- Born: Virgil Charles Frye August 21, 1930 Lenox Township, Illinois, U.S.
- Died: May 7, 2012 (aged 81) Orange County, California, U.S.
- Occupations: Film and television actor; boxer;
- Years active: 1966–2004
- Children: Sean Frye; Soleil Moon Frye;

= Virgil Frye =

American actor

Virgil Charles Frye (August 21, 1930 – May 7, 2012) was a Golden Gloves boxing champion who became an actor.

He grew up in Estherville, Iowa. He had two children, Sean Frye (E.T. The Extra Terrestrial) and Soleil Moon Frye (Punky Brewster), and was the father-in-law of Jason Goldberg.

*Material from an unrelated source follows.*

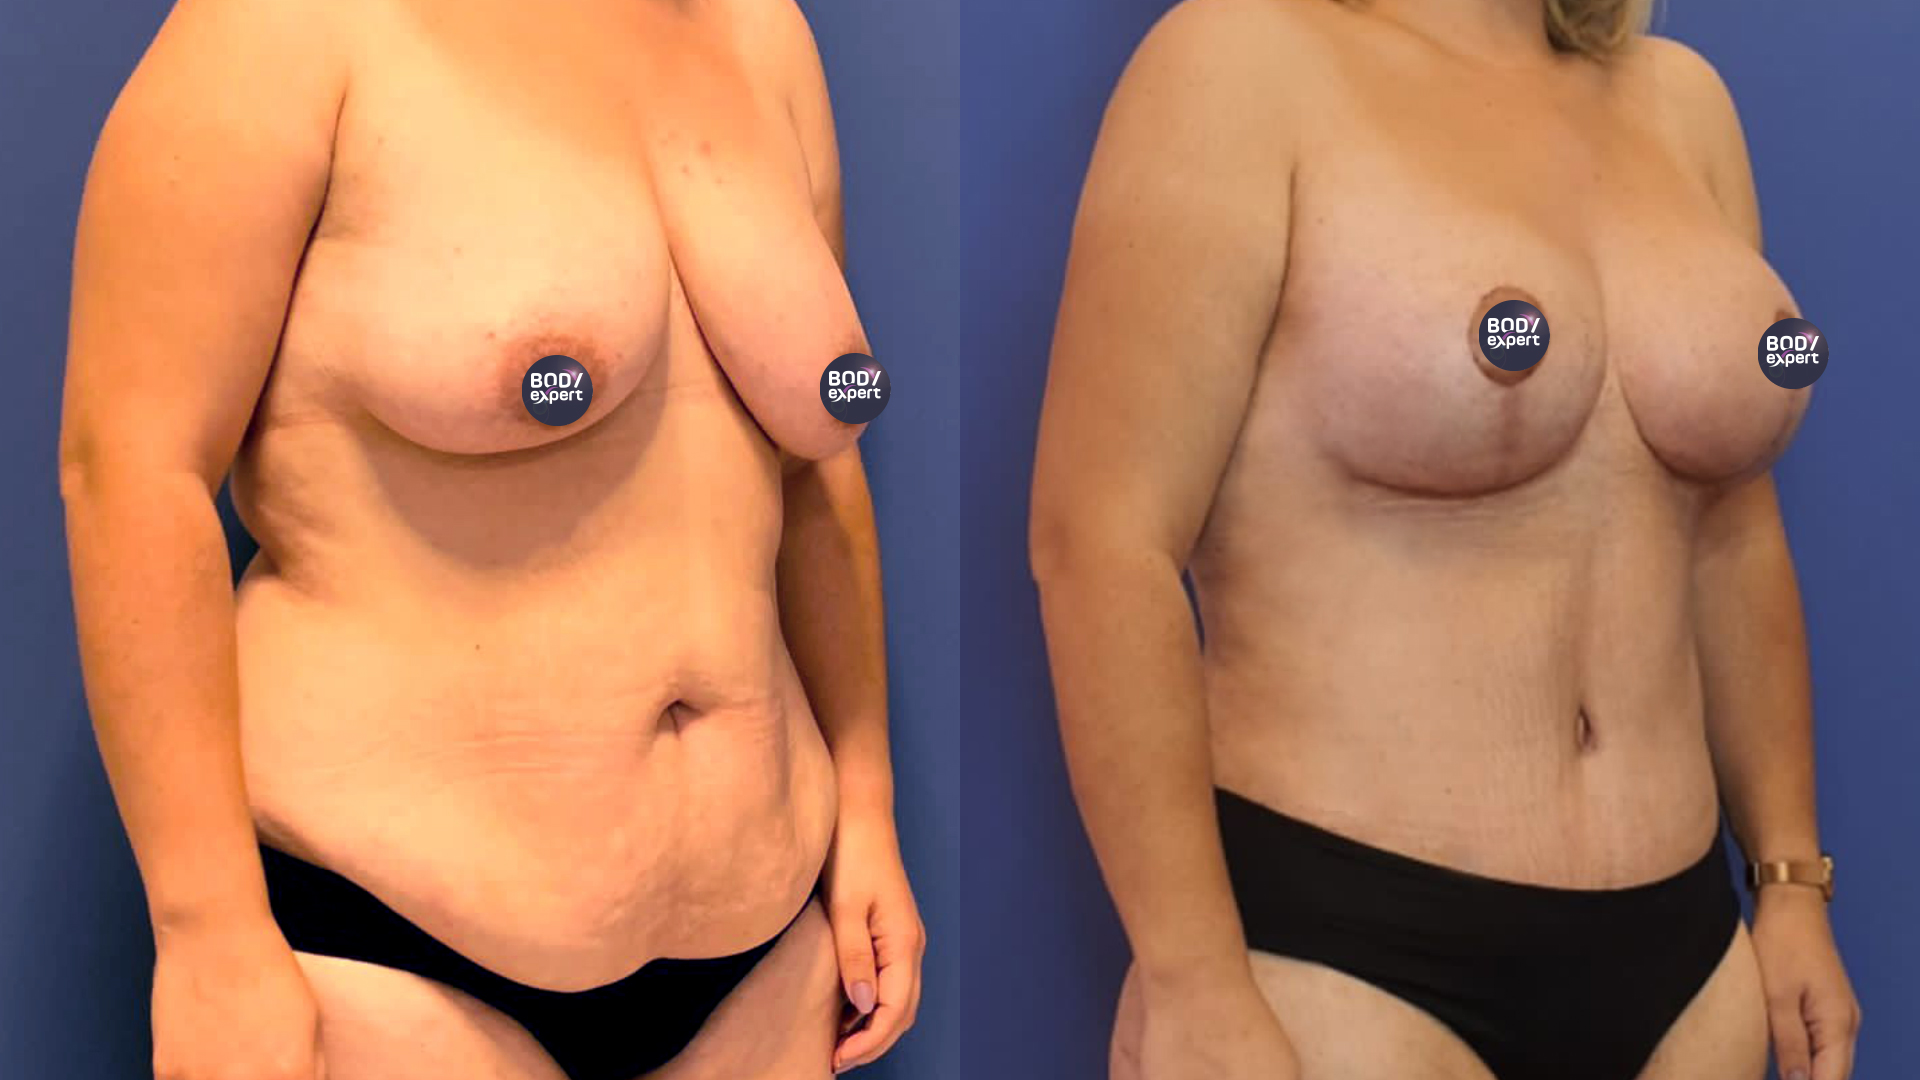 The results of a mastopexy combined with a tummy tuck

Frye made an uncredited appearance in the 1969 film Easy Rider while working as a makeup artist. His credited films included roles in Nightmare in Wax (1969), The Jesus Trip (1971), Garden of the Dead (1972), Deadhead Miles (1973), The Cat Creature (1973), The Klansman (1974), Bobbie Jo and the Outlaw (1976), The Missouri Breaks (1976), Up from the Depths (1979), Dr. Heckyl and Mr. Hype (1980), Graduation Day (1981), Take This Job and Shove It (1981), Revenge of the Ninja (1983), Running Hot (1984), The Burning Bed (1984), Winners Take All (1987), Colors (1988), The Secret of the Ice Cave (1989), The Hot Spot (1990), Man Trouble (1992) and S.F.W. (1994).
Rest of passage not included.